WHAT THE EXERCISE ASKS> Answer with the exact lines of the following material from the one containing "Vibrant Purple Neon Stroke PNG" through the one containing "Yves Saint Laurent", both end lines included.

PROVIDED ENTRIES>
• • • • •

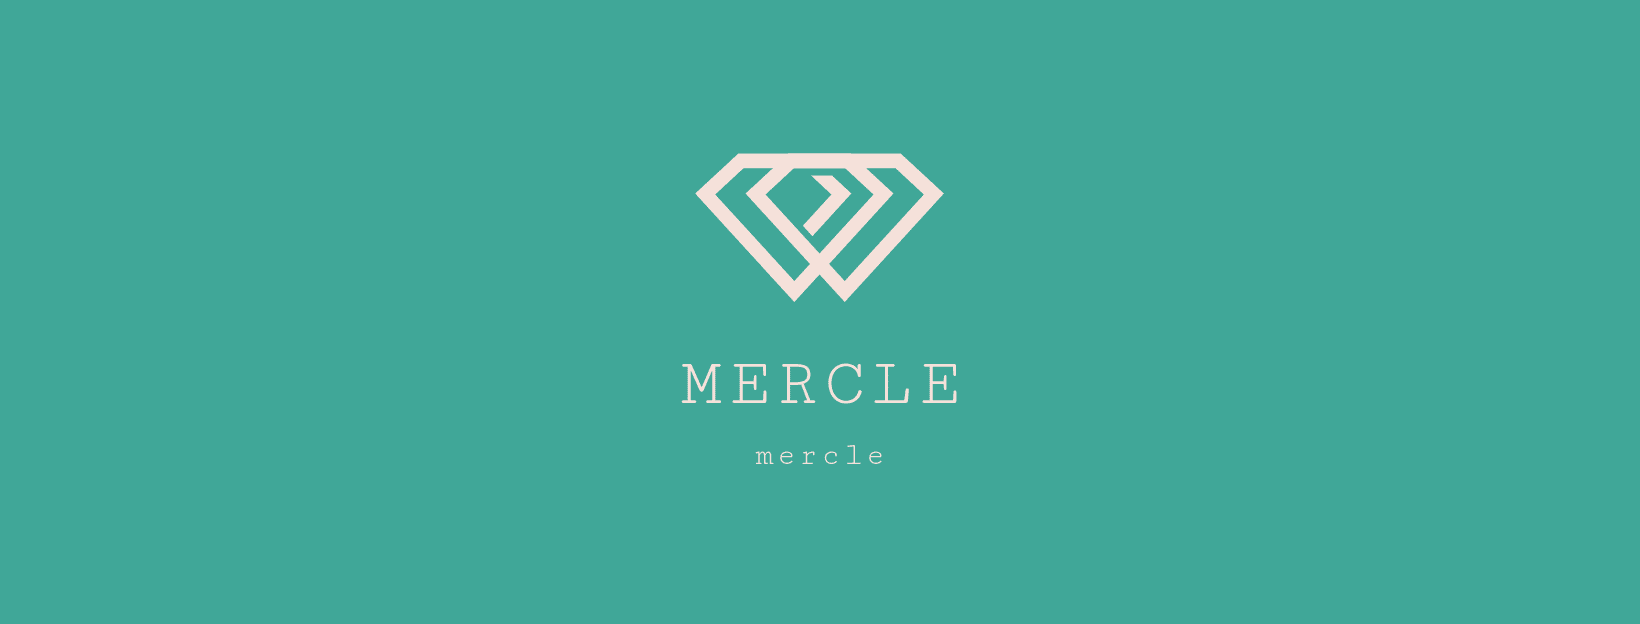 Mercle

• • • • •

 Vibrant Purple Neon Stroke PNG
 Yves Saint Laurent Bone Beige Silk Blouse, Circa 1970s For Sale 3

• • • • •

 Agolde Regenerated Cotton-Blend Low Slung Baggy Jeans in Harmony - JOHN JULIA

• • • • •

TASK RESULT>
 Vibrant Purple Neon Stroke PNG
 Yves Saint Laurent Bone Beige Silk Blouse, Circa 1970s For Sale 3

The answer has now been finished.